SOURCE DATA.

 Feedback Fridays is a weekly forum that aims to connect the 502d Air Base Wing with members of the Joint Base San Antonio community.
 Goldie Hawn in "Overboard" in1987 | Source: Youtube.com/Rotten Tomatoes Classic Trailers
---
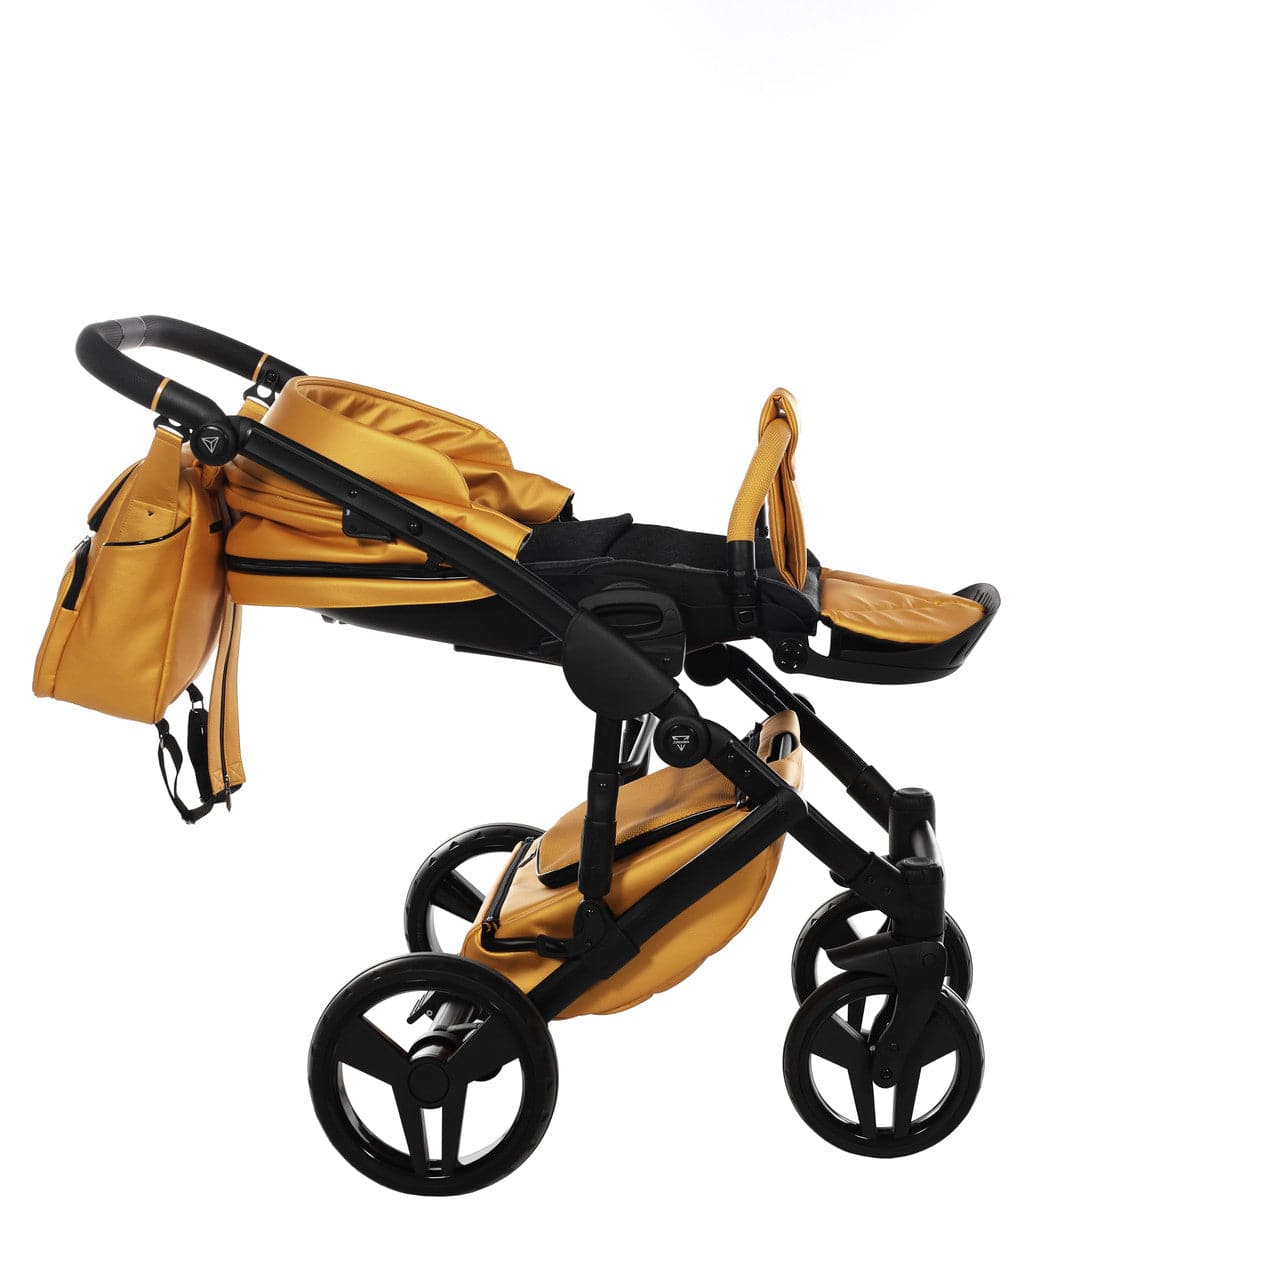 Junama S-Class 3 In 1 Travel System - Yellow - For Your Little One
---
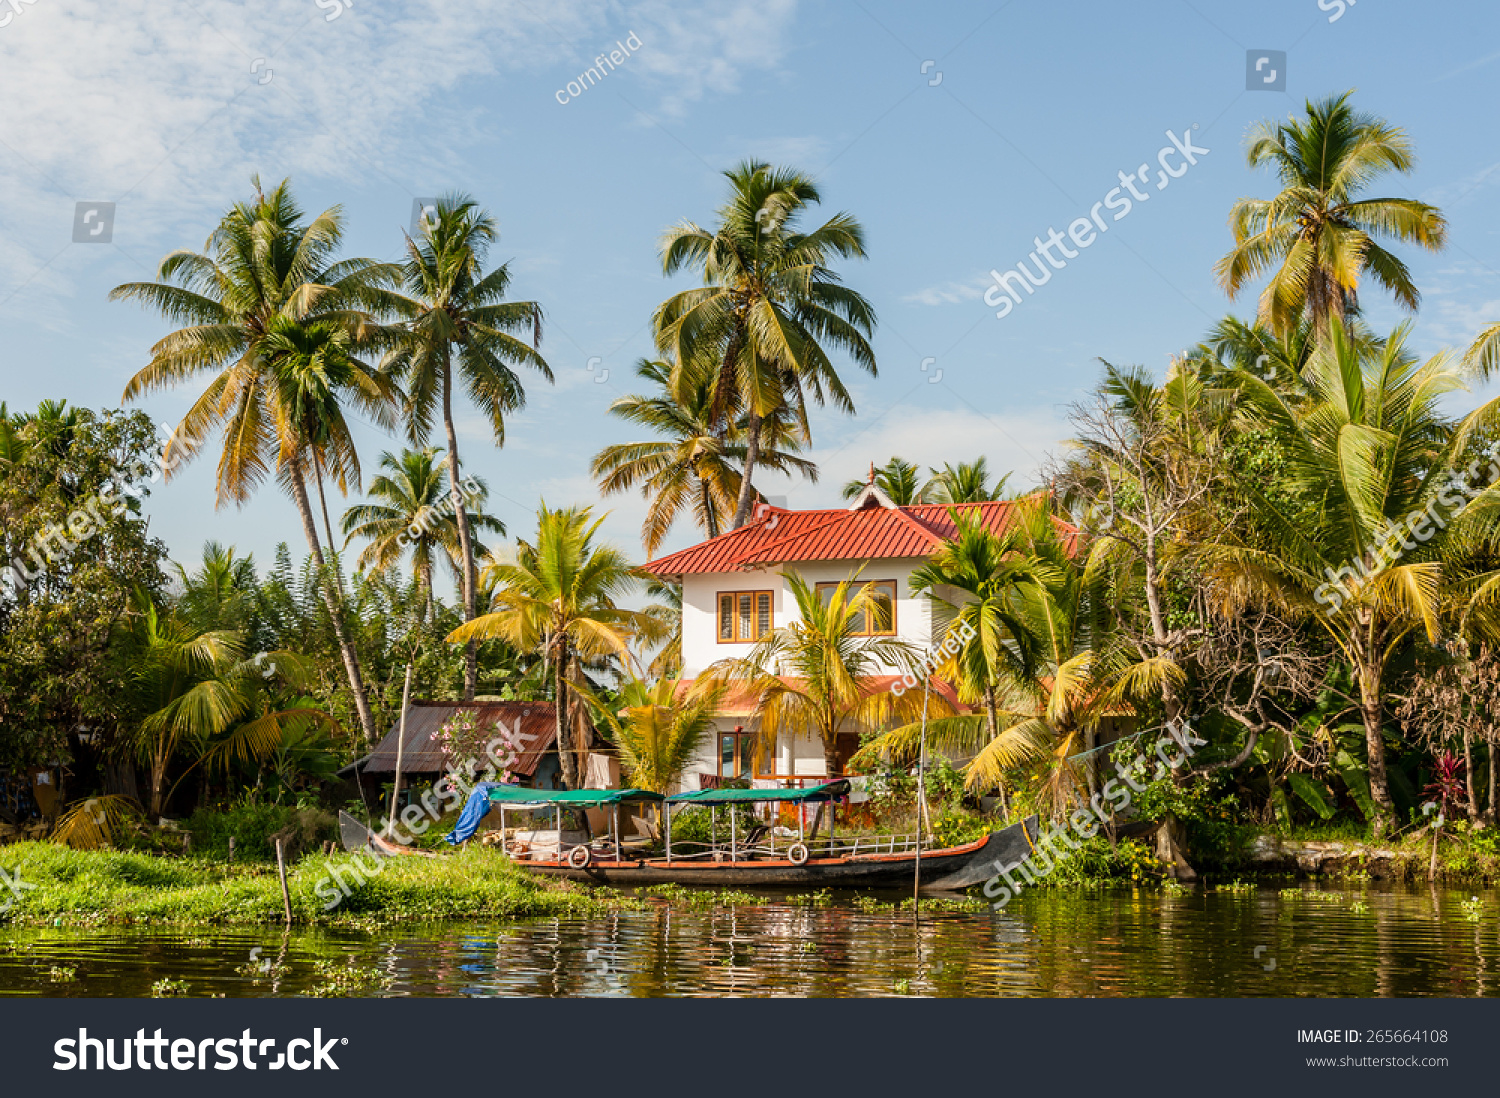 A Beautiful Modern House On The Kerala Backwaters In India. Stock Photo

YOUR TASK. Only the lines above from the one with "Feedback Fridays is" through the one with "Goldie Hawn in" should be duplicated, character for character.

WRITTEN RESPONSE.
 Feedback Fridays is a weekly forum that aims to connect the 502d Air Base Wing with members of the Joint Base San Antonio community.
 Goldie Hawn in "Overboard" in1987 | Source: Youtube.com/Rotten Tomatoes Classic Trailers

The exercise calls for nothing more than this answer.